=== Your assignment ===
Repeat the span of the entries below that starts at the line with "Aluminium Mop with Disposable Head" and ends at the line with "b42cf74965a7b Nike Air", nothing more. Skip the pictures.

-- Input material follows --

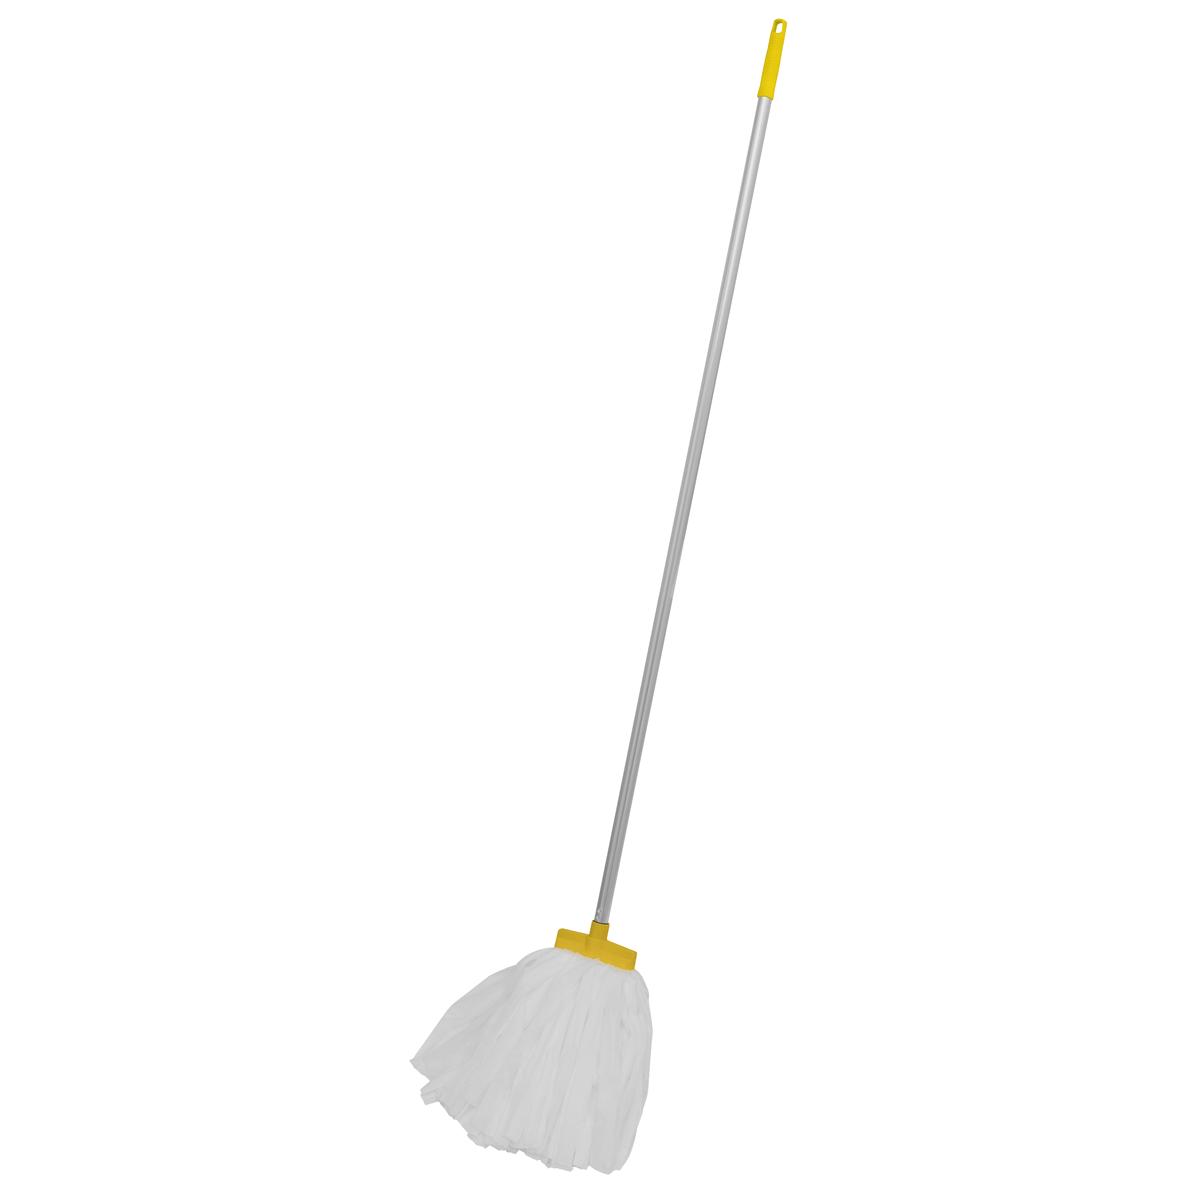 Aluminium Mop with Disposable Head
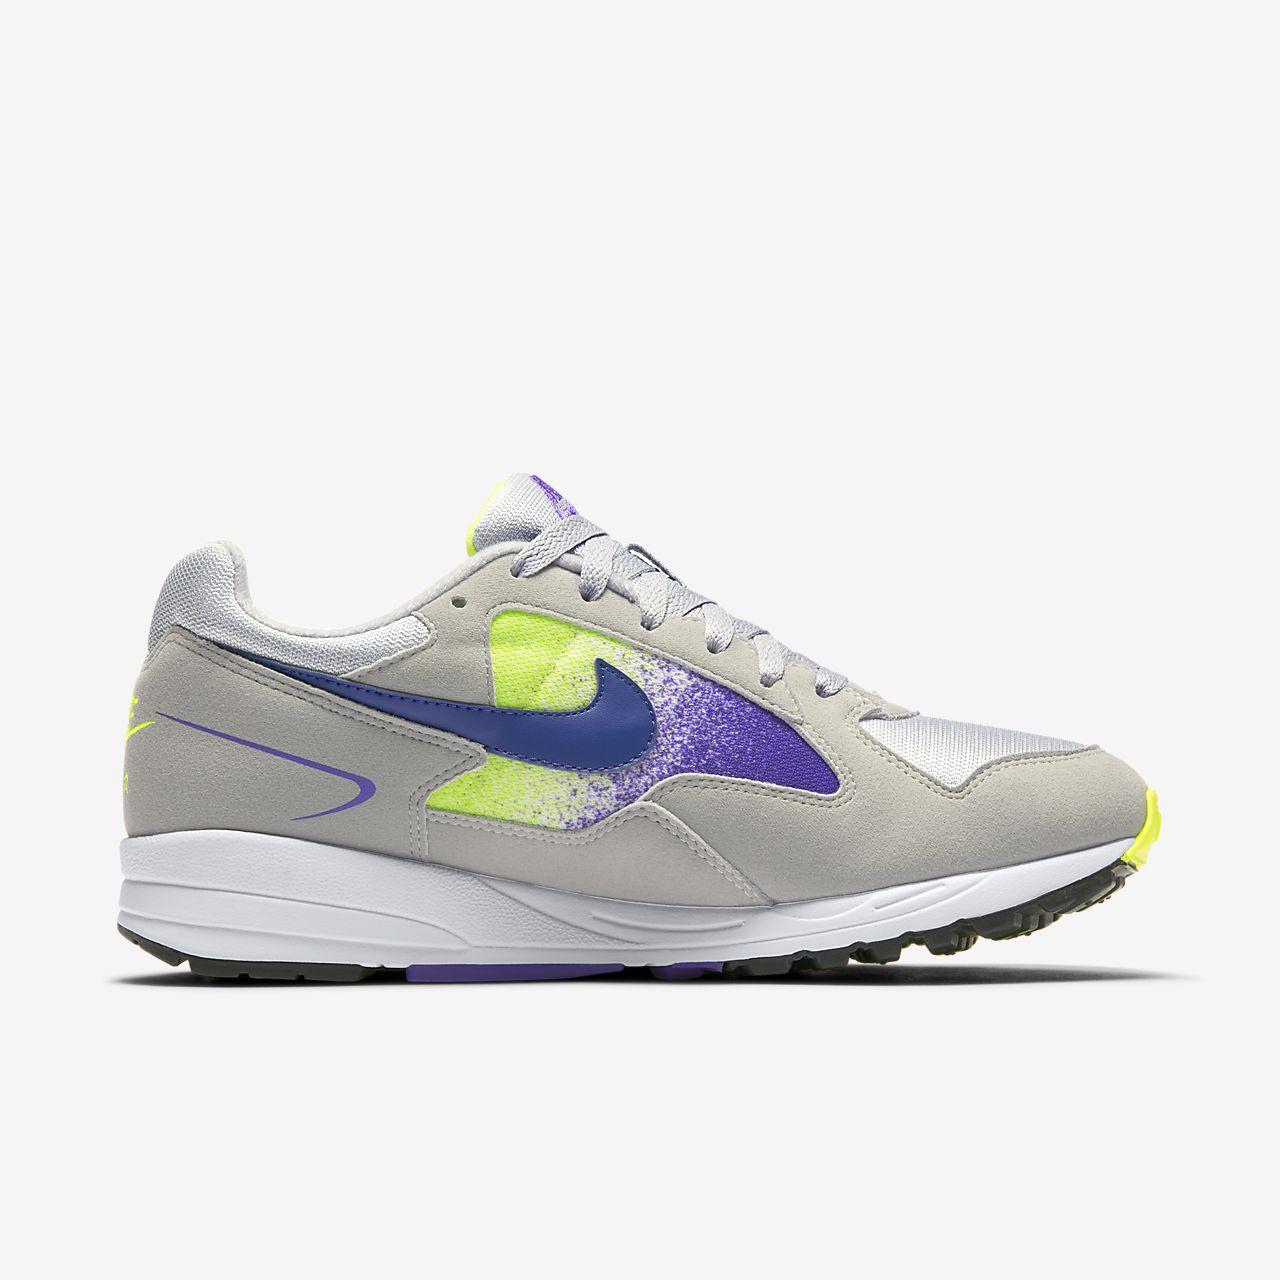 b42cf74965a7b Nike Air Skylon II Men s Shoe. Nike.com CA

-- Input material concluded --
-- Input material follows --

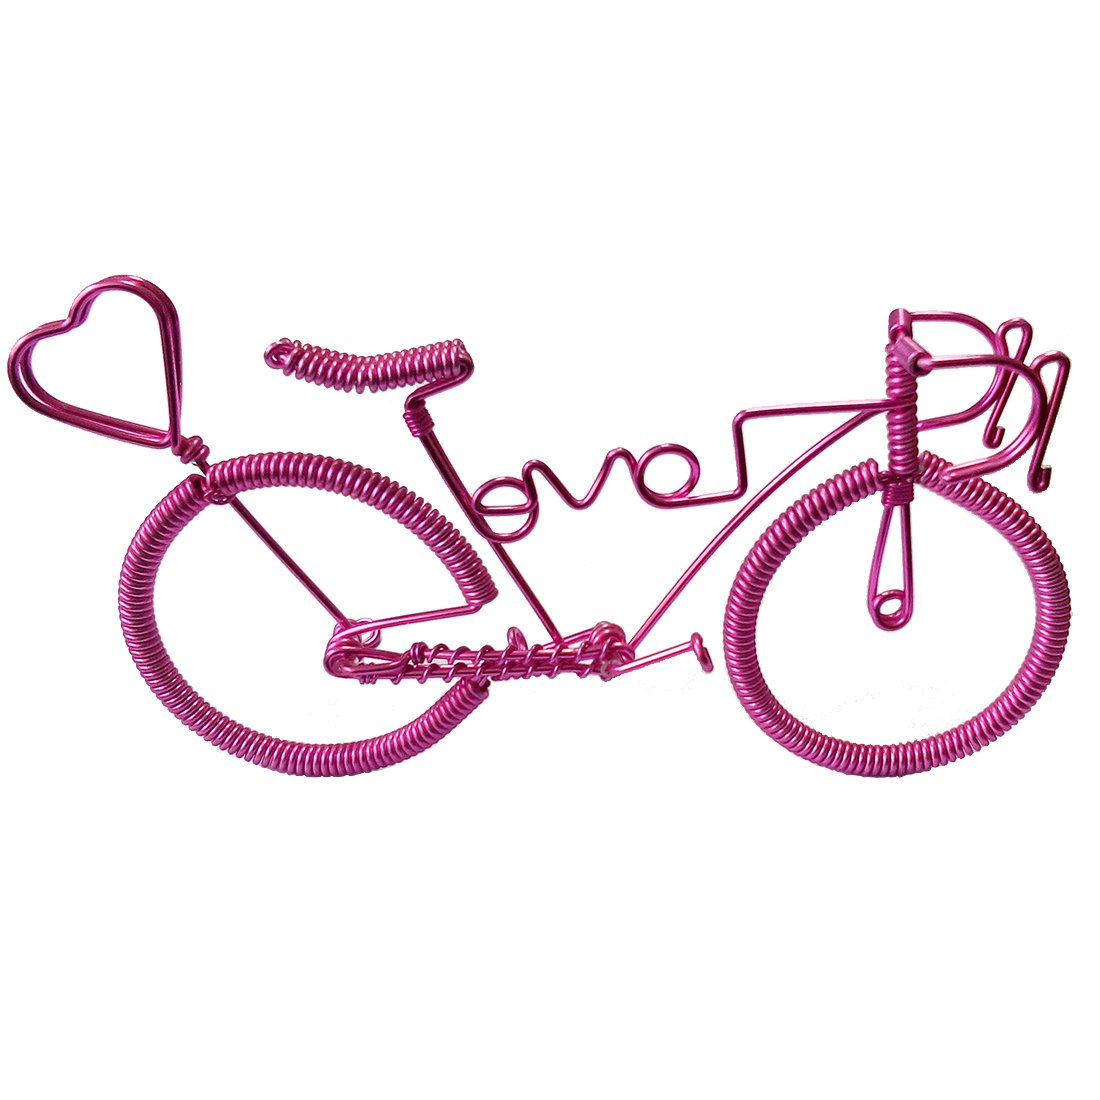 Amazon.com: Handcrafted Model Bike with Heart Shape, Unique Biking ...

-- Input material concluded --

=== Output for this task ===
 Aluminium Mop with Disposable Head
 b42cf74965a7b Nike Air Skylon II Men s Shoe. Nike.com CA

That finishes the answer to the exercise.